Il «fattore I» e gli esami di ammissione da superare
27/02/2017 - Non si può costruire il futuro su debito e deficit»: l’avvertimento, l’ennesimo, non arriva da Wolfgang Schäuble, l’iper-ortodosso ministro delle Finanze tedesco, ma da Jean-Claude Juncker, il presidente della Commissione Ue che, più dell’arcigno guardiano del patto di stabilità, incarna l’abile interprete della flessibilità delle sue regole. Destinatari del messaggio, i soliti noti: Italia, Belgio, Grecia, tutti Paesi dove «la crescita va migliorata».

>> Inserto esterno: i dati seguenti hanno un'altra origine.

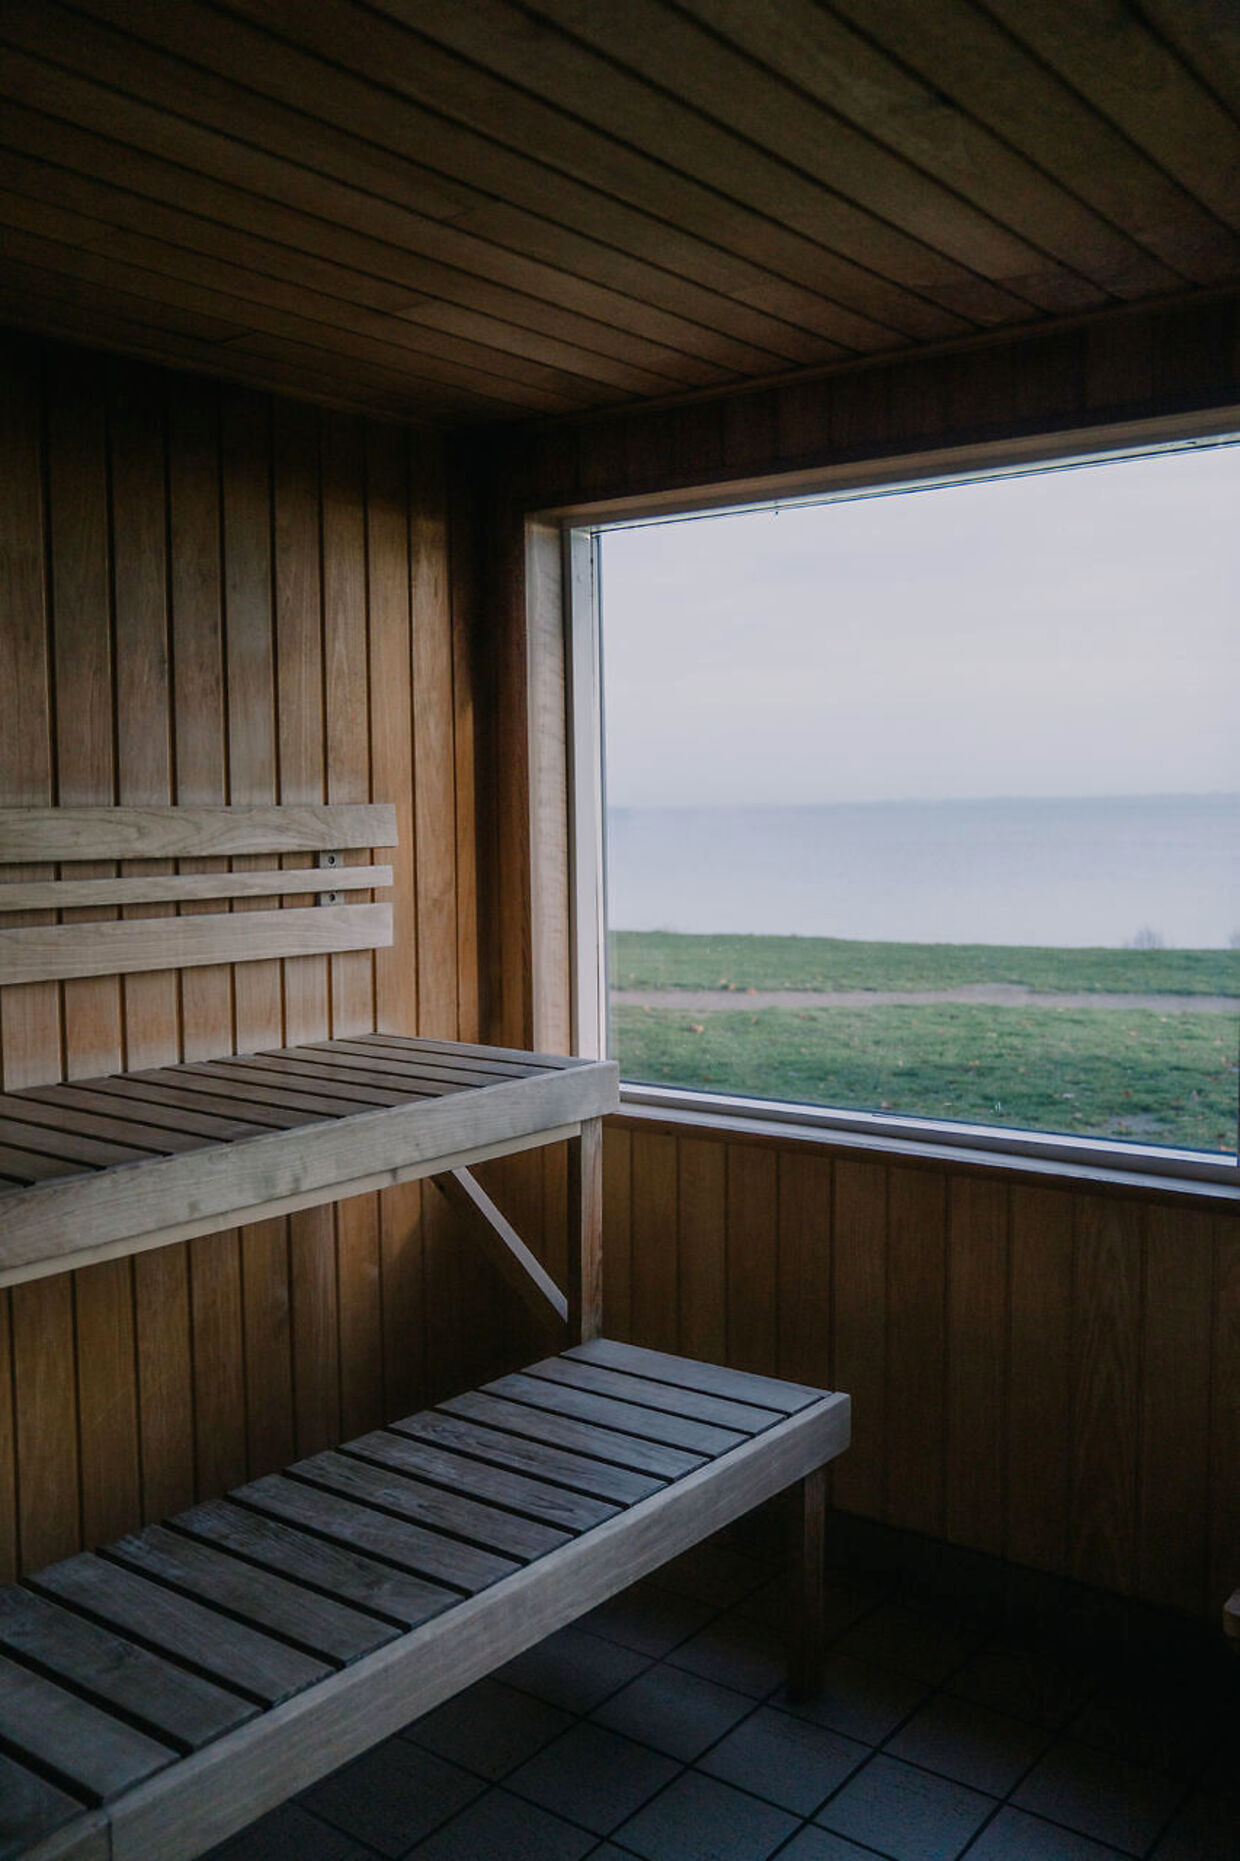 I Vedbæk Vikingelaug har man de seneste måneder kæmpet med en intern konflikt om samfundssind, elpriser og åbningen af en lækker sauna.

A furia di incassare reprimende a ripetizione da Bruxelles, si rischia di diventarne immuni o, più semplicemente, di rispedirle al mittente tra ribellismo più o meno confessato e un allineamento riluttante che nei fatti si traduce in impegni troppo spesso sottodimensionati rispetto alle promesse.
Si va avanti così da anni. Peccato che nel frattempo l’Italia dentro l’eurozona sia andata indietro: se cresce, lo fa a un tasso che è la metà della media dei partner, quest’anno nell’Unione a 28, che per la prima volta cresce senza eccezioni, sarà l’unico Paese a non superare l’1%. Calo di produttività, emorragia di competitività, riforme lente e non sempre incisive, debito altissimo, banche fragili, montagne di crediti deteriorati…
C’è un problema italiano in Europa, anche se si tende a parlare molto di più di quello greco: un po’ perché è più impellente e un po’ perché fa meno paura di un’eventuale crisi della terza economia dell'euro.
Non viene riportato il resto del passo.